# Xxfx having a hard time identifying the rest of the letters!



## Liily (Jul 9, 2014)

Uhm hey guys! how are you? I literally made an account just to figure this out, I´ve tried typing myself and I haven´t succeeded at all, everytime I think I use a certain function I start to think I also use the other one too. What I´m pretty sure of is that I´m an F, and the rest is a mistery. I´ll try writing some facts about myself and maybe you can tell me which functions you see in them, any help will be truly appreciated! ♥

-I can be very influenced by the negative or positive energies of my environment, I get energized
or des-energized by them depending if they are good or bad
-I hate having to do things that require a lot of thinking, I like to think fast and just go
with my gut instincts, logical thinking is not my thing
-I like to make decisions fast and whatever it is, will be
-I don´t like when things are not settled, I like to reach a conclusion
-I avoid boredom like the plague, I seriously can´t stand it, I get bored easily
-I´m interested and curious about a million things, but I just want to get the general idea of those things, not the details, I literally have like 50 wikipedia articles on the bookmarks toolbar
-I was bad at high school, I wasn´t interested in studying at all, I was more interested in relationships and having a good time (now it´s pretty much the same)
-I think out loud, I need to say every little thing that crosses my head, I want to share my ideas with people
-I need to talk about my problems to understand them, writing them down also helps a lot
-I´m impatient as fuck, I can be a real pain in the ass if I have to wait for too long
-I get hurt easily but people will never know
-I have anxiety problems
-I can´t hide my emotions no matter how hard I try, I feel them too deeply and if I don´t express how I feel or if I don´t say what I think it´s like I´m going to explode
-People always tell me how expressive I am since I express myself with a lot of energy, I use a lot of hand gestures 
-People also tell me I have a loud voice
-I´m not exactly careful
-I have a hard time organizing my life, I´m always late
-I know I feel too much but most of the time I don´t even know what exactly I´m feeling
-I´m very empathetic, when I watch a movie or read a book I get very involved
-I love to make people laugh
-I´d love to travel the world and experience a lot of different cultures
-I usually attract people that are almost my opposites, my friends are very shy but more down to earth than I am I think, they are not as emotional as I am
-I think everything is either black or white and I make very strong judgments, I have strong opinions.
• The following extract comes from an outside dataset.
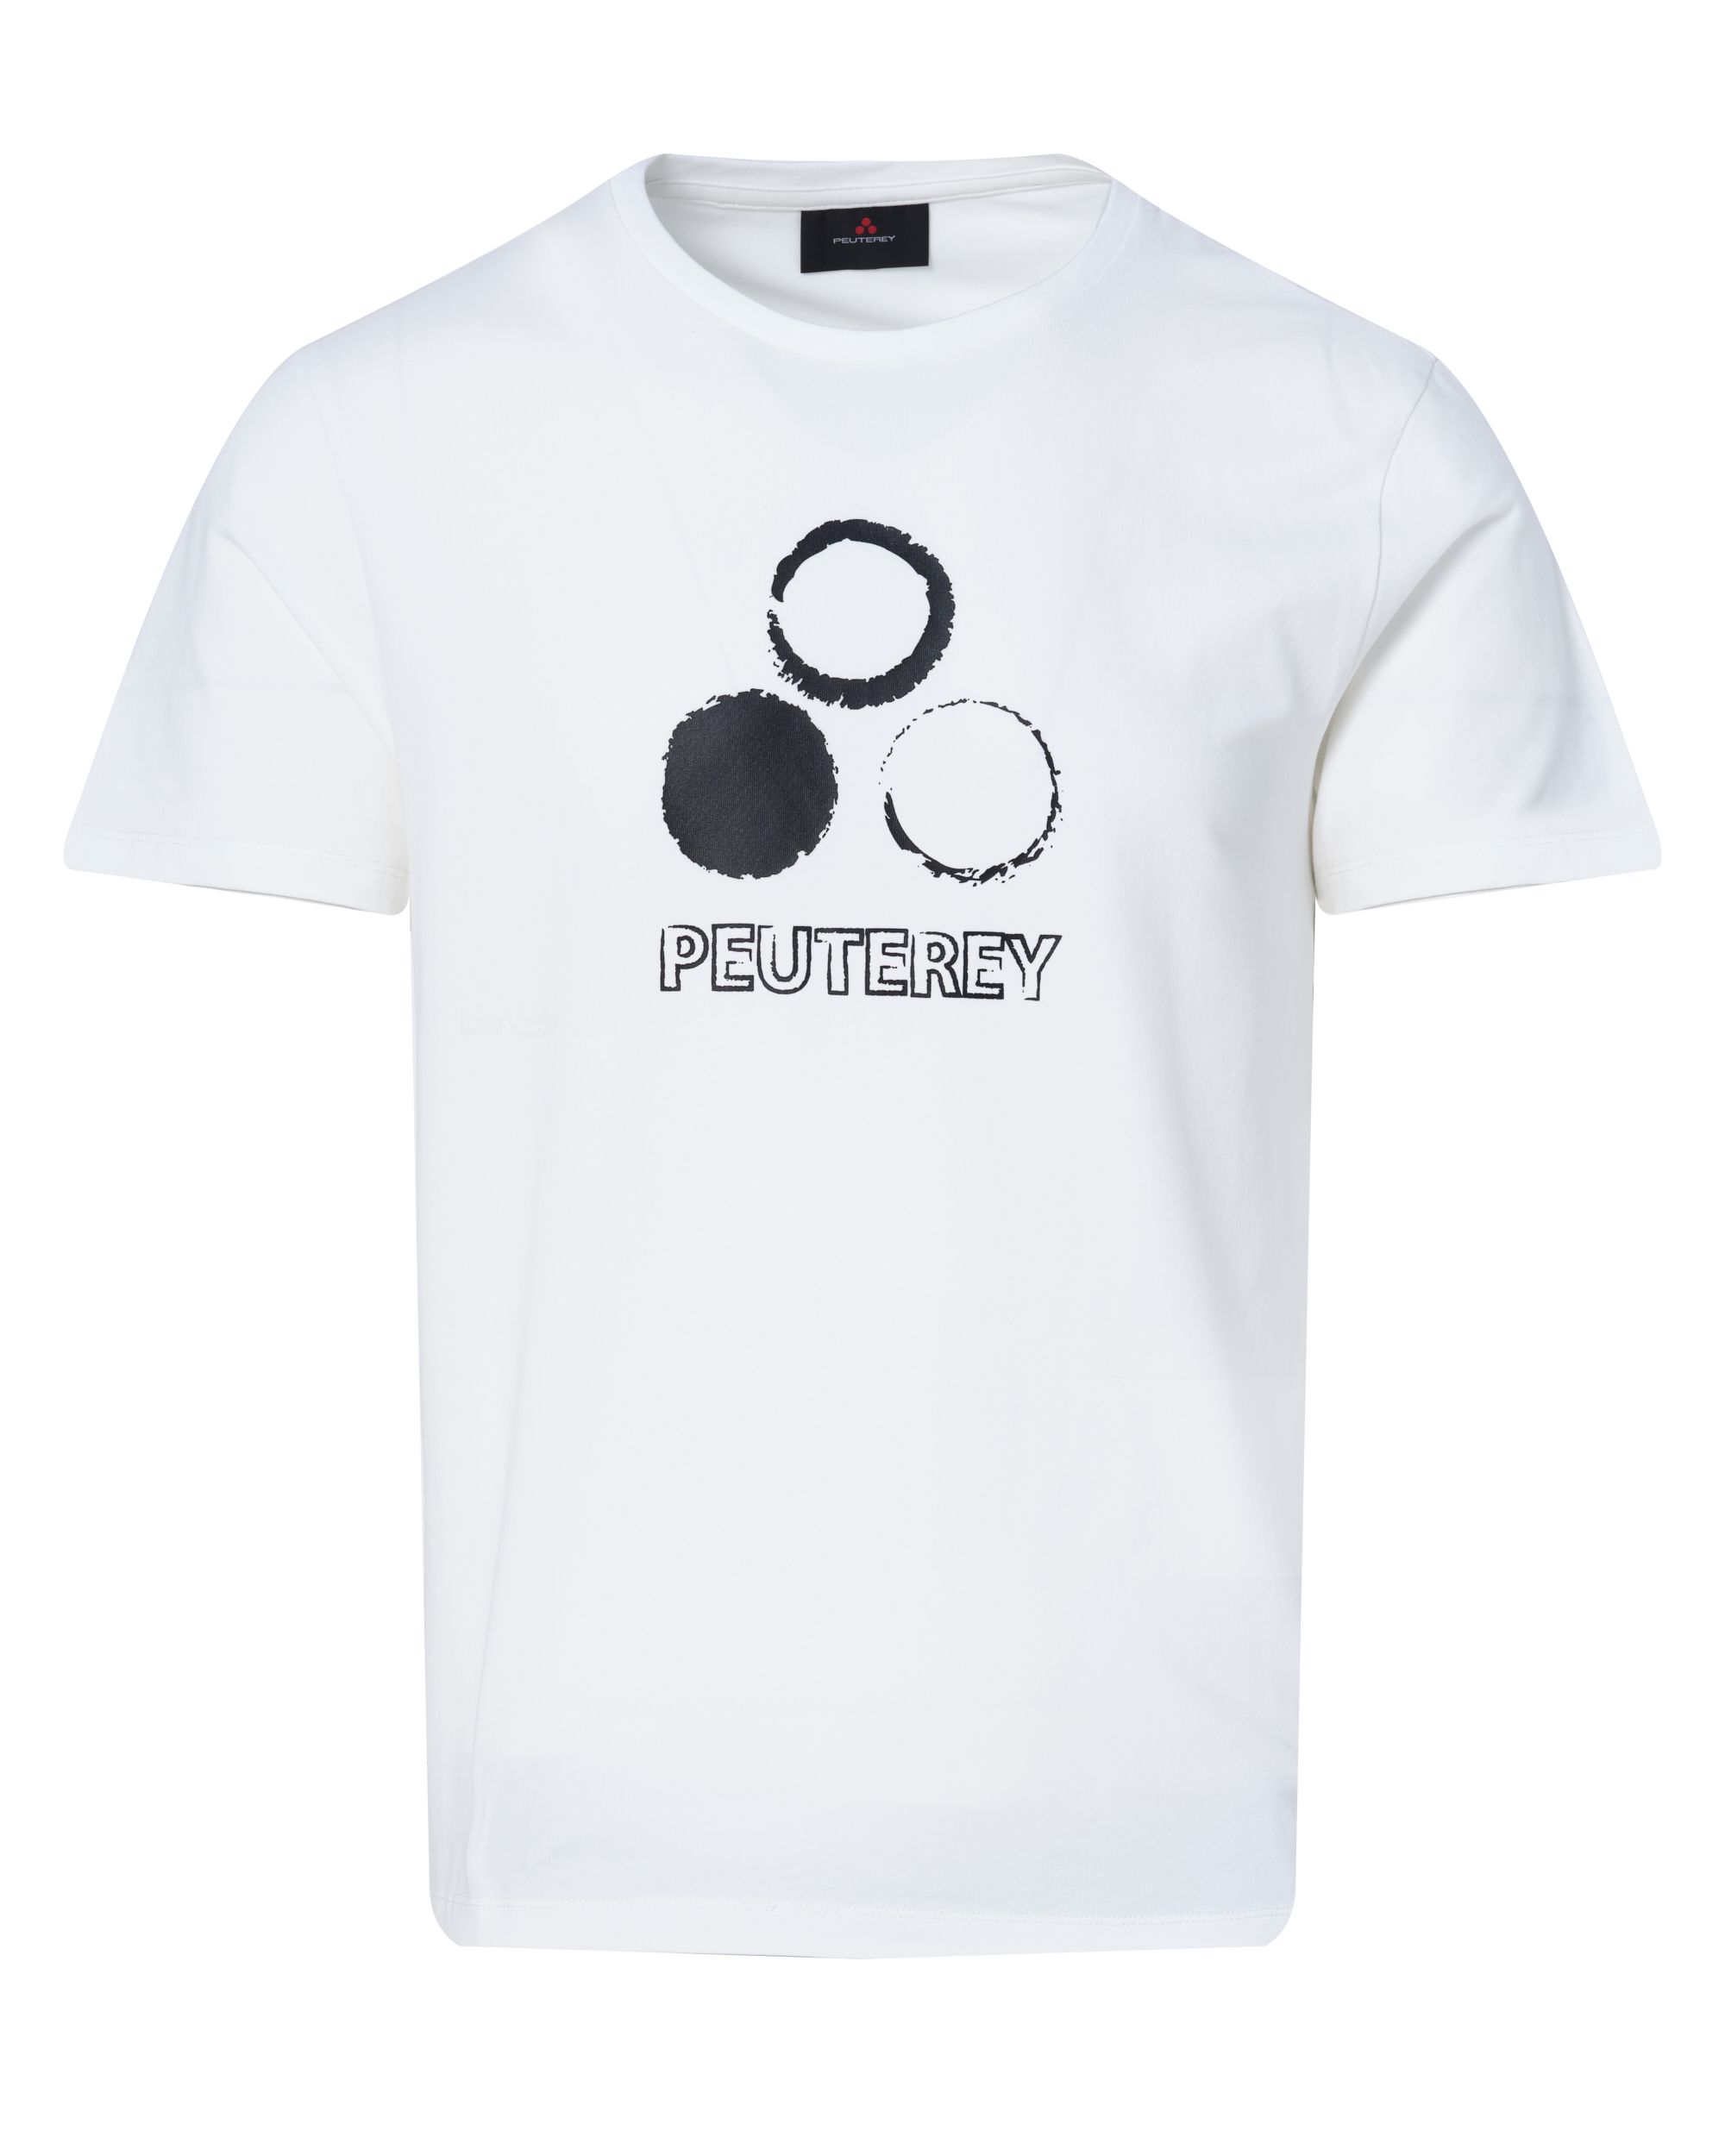 Peuterey T-shirt KM Wit 083997-001-L

I´m working on it though because I´ve learnt that things aren´t that simple
-I try hard to keep an open mind and to accept the opinions of other people


Well that´s probably not enough buuuut feel free to state your opinion or ask any questions!


----------



## Eikichi (Feb 15, 2014)

ISFP or ESFP.


----------



## Tonic (Jun 17, 2014)

I am agree with Eikichi - ESFP or ISFP.
I think you are extrovert.


----------



## something987 (Jul 20, 2014)

I saw a lot of Fe, so I would disagree. I think ENFJ.


----------



## stiletto (Oct 26, 2013)

ESFJ or ENFP


----------



## something987 (Jul 20, 2014)

ESFJ and ENFP are pretty different types, how did you come up with those? Fe Si Ne Ti vs Ne Fi Te Si...they don't have much in common really.


----------



## Liily (Jul 9, 2014)

Thank you so much for your answers! I´m probably extroverted, but I´m still not sure if I´m a Sensor or an Intuitive, or if I´m P or J. I´ve filled one of the questionnaires to give you more information, I hope this is helpful!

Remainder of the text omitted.